By using the same store and branch exchange on the logically optimized version of the program (program\_2\_b\_opt.s), we get similar results (396 cycles, with 60 RAW stalls).

d. Unroll 3 times the program (program\_2\_b.s), if necessary re-schedule some instructions and renaming the used registers. Compute manually the number of clock cycles the new program (program\_2\_c.s) requires to execute, and compare the obtained results with the ones obtained by the simulator.

To perform the unrolling of the loop, different register renaming has been adopted; in particular, registers r2 and r3 have been used to store the other two indexes for accessing v1 and v2 (differing always by 8 from each other) and registers f6 to f15 to store the other temporary results. The instructions order which proved to be the one with less stalls is the following:

- At the beginning, loads and indices updates are interleaved with the multiplication operations (just one RAW is produced during the last mul.d, caused by the not yet completed load in f12);
- In the middle, divisions, additions and stores are interleaved in order to reduce the number of RAW and STR stalls (caused exclusively by the long division operation);
- At the end, the last stores are executed, leading to a bunch of RAW and STR stalls caused by the need to wait for completion of the last division and addition.

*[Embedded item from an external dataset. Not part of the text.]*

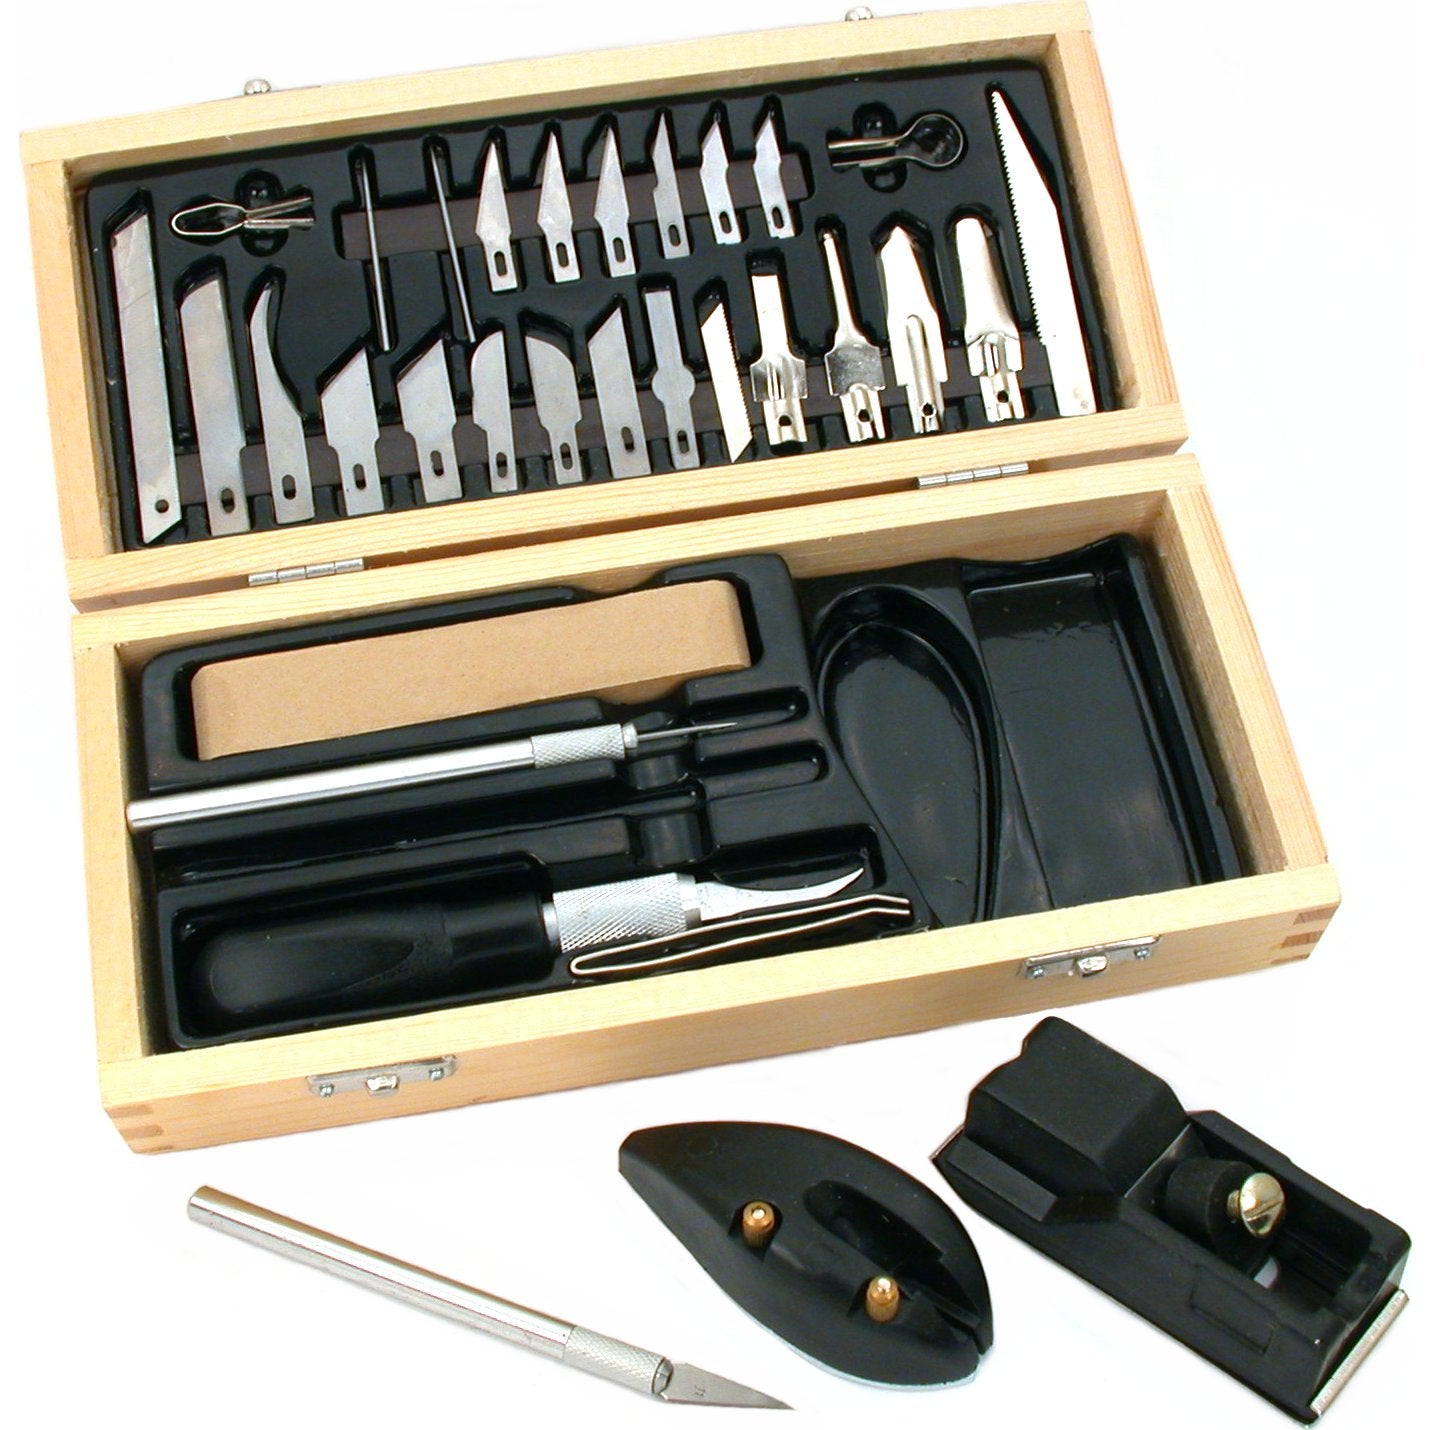 Assorted Hobby Knife Set Art Crafts Craft Repair Model Building Tools 30Pcs

The stalls and clock cycles counts are reported in the attached pdf file (557 cycles, 140 RAW stalls, 200 STR stalls); if branch delay slot is used and a store is moved after the branch, we have 538 cycles with 130 RAW stalls.

By applying the same principles on the more optimized version of the program (program\_2\_c\_opt.s) and reorganizing a little more the operations, we can reach as low as 297 cycles, with no RAW stall and 40 STR stalls (with branch delay slot optimizations, 288 cycles with the same amount of stalls). The exact computation is reported in the attached pdf file as well.

Complete the following table with the obtained results:

| Program                 | program_2.s | program_2_a.s | program_2_b.s | program_2_c.s    |
|-------------------------|-------------|---------------|---------------|------------------|
|                         |             |               |               |                  |
| Clock cycle computation |             |               |               |                  |
| By hand                 | 966 cycles  | 935 cycles    | 876 cycles    | 557 (538) cycles |
|                         | 1140 RAW    | 1110 RAW      | 1080 RAW      | 140 (130) RAW    |
|                         | 60 STR      | 60 STR        | 60 STR        | 200 STR          |
|                         |             | 455 cycles    | 396 cycles    | 297 (288) cycles |
|                         |             | 90 RAW        | 60 RAW        | 0 RAW            |
|                         |             | 60 STR        | 60 STR        | 40 STR           |
| By simulation           | 966 cycles  | 935 cycles    | 876 cycles    | 557 (538) cycles |
|                         | 1140 RAW    | 1110 RAW      | 1080 RAW      | 140 (130) RAW    |
|                         | 60 STR      | 60 STR        | 60 STR        | 20 STR           |
|                         |             | 455 cycles    | 396 cycles    | 297 (288) cycles |
|                         |             | 90 RAW        | 60 RAW        | 0 RAW            |
|                         |             | 60 STR        | 60 STR        | 40 STR           |

Compare the results obtained in the point 1, and provide some explanation in the case the results are different.

## **Eventual explanation:**

The WinMIPS64 simulator does not count well the structural stalls caused by the unpipelined division module: even if they are correctly identified and reported in the pipeline evolution window, they are not considered for the overall count of structural stalls. Thus, the value reported in the simulator is much lower than the one computed by hand, since the value computed by the emulator only takes into account the structural stalls caused by the store instructions.